Google’s Upcoming Solution (And Why I’m Skeptical)
Google has a profit-based bidding feature in beta that should roll out sometime in 2025. But it opens up a few issues for me.
First, you can’t troubleshoot it. If it’s not working, you have no visibility into why, unlike with a third-party tool like Profit Metrics or a custom solution.
Second, if I put on my tinfoil hat for a moment, you’re handing Google your exact COGS and margin data. I’m wary of what that could do to your auction costs if Google knows exactly how hard it can squeeze you for profit.
Finally, it doesn’t account for things like shipping and handling costs, which can be significant for some businesses.
Your Action Plan: Moving Beyond Flawed Structures
By splitting your campaigns by margin, you’re making your life harder and likely hurting your performance. You can’t create more sophisticated campaign structures (like segmenting by brand or product performance) because you’ve already used your one “split” on a flawed margin-based methodology.
It’s time to move to a smarter system.
- Look at profit tracking. If you have varied margins across your products, I highly recommend looking at a software solution like Profit Metrics or building your own custom-coded profit tracking.
- Implement it in your account. Start sending profit data instead of revenue data to Google Ads. I have another video that explains how to do this.

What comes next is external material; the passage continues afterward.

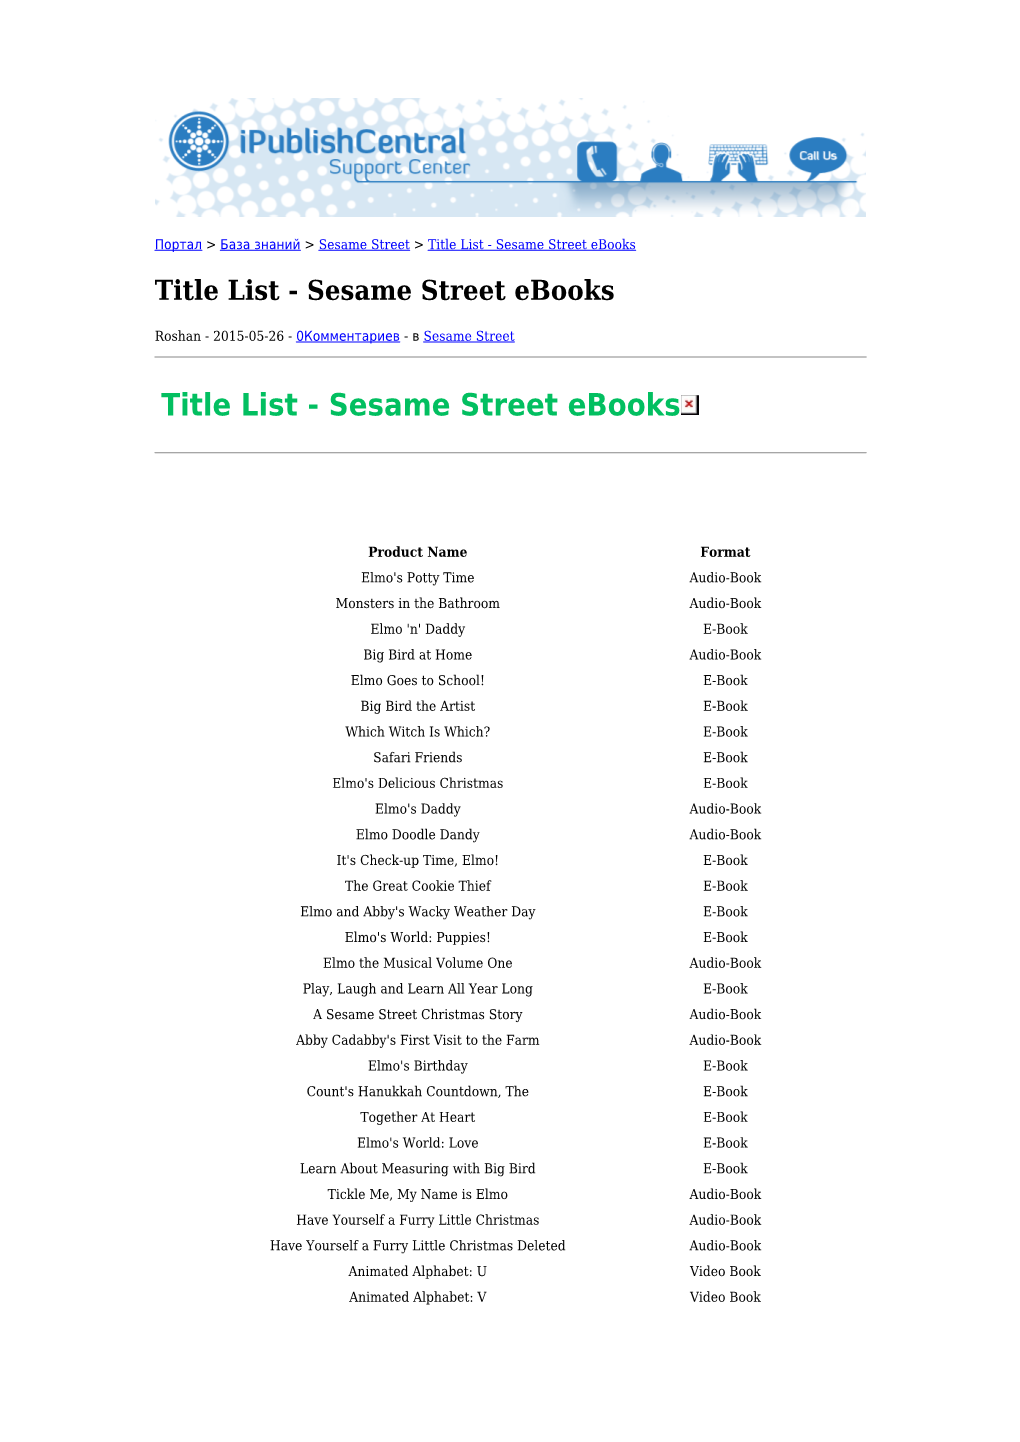 Sesame Street Ebooks Title List - Sesame Street Ebooks

- Test your targets carefully. Don’t just stare at the in-platform POAS number. Make sure you use a secondary data point like blended ROAS or new customer acquisition data to guide your strategy.
[TL;DR]
- Margin-based campaigns are built on the false assumption that users buy the product they click on. Data shows 35-50% of users buy something different.
- This structure starves Google’s Smart Bidding of data by splitting conversions across too many campaigns, which hurts overall performance.

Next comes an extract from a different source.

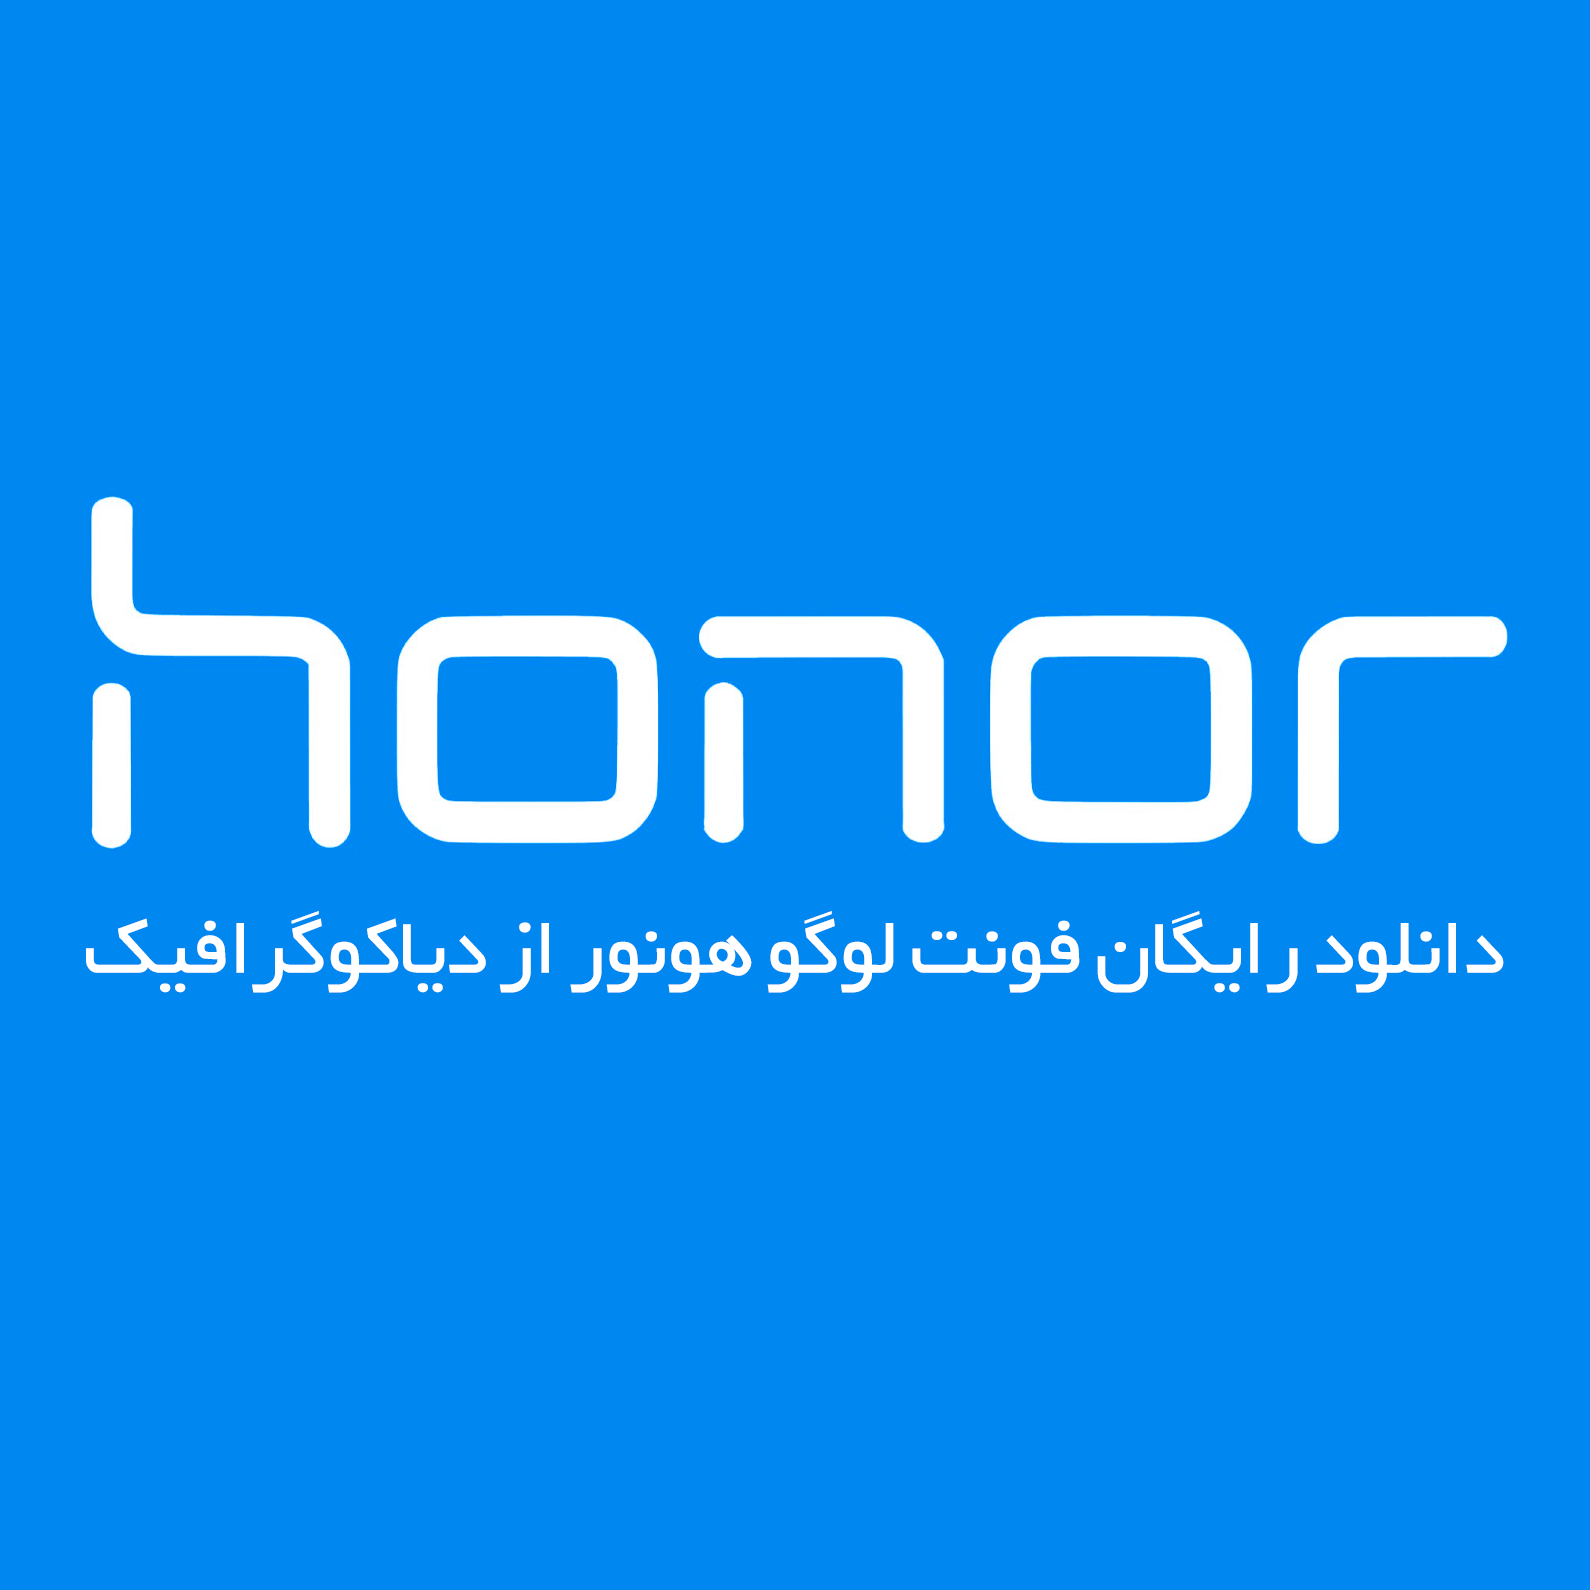 دانلود فونت انگلیسی لوگوتایپ هونور Honor Font

- Profit-based bidding is the superior method. It sends the actual gross profit of each transaction to Google, giving the algorithm precise data to work with.
- This approach allows you to consolidate your campaigns, providing more data for Smart Bidding and opening the door for more effective campaign structures.
- While profit tracking has its own challenges (like handling sales), it is a fundamentally more accurate and powerful way to manage e-commerce ad accounts.